Two lines in the data below mark the range: the one with "View Vol. 16" and the one with "Набор шахматных фигур". Return both, along with every line between them, exactly.

(Data for processing begins)

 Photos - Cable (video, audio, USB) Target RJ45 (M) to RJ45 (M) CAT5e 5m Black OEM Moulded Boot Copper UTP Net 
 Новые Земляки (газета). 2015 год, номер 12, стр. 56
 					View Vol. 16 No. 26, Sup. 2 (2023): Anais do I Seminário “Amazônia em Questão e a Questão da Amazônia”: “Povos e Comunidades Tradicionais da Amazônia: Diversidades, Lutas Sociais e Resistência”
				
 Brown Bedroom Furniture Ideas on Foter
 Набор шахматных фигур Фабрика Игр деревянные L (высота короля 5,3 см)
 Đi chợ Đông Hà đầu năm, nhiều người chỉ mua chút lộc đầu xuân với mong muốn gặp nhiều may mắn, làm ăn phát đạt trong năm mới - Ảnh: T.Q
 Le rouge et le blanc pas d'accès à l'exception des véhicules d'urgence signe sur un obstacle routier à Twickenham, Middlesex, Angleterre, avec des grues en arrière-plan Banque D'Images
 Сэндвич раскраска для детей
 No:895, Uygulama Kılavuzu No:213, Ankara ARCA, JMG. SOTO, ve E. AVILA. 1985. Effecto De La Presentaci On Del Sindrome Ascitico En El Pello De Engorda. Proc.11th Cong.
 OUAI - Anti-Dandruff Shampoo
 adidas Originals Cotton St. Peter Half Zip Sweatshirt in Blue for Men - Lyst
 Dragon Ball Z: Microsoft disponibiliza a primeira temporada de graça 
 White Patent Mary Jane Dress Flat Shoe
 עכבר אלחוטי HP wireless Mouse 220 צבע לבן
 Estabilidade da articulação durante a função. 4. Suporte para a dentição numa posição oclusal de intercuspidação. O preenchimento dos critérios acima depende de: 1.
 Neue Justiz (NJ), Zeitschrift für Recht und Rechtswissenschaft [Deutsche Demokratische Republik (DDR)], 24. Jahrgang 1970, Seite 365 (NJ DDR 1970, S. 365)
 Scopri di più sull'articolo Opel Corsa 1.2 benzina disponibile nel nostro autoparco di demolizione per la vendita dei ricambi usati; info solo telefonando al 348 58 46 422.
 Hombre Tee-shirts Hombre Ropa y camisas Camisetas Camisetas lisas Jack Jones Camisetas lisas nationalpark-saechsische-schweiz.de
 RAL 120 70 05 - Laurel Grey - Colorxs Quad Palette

(Data for processing ends)

• **Output for this task**:
 					View Vol. 16 No. 26, Sup. 2 (2023): Anais do I Seminário “Amazônia em Questão e a Questão da Amazônia”: “Povos e Comunidades Tradicionais da Amazônia: Diversidades, Lutas Sociais e Resistência”
				
 Brown Bedroom Furniture Ideas on Foter
 Набор шахматных фигур Фабрика Игр деревянные L (высота короля 5,3 см)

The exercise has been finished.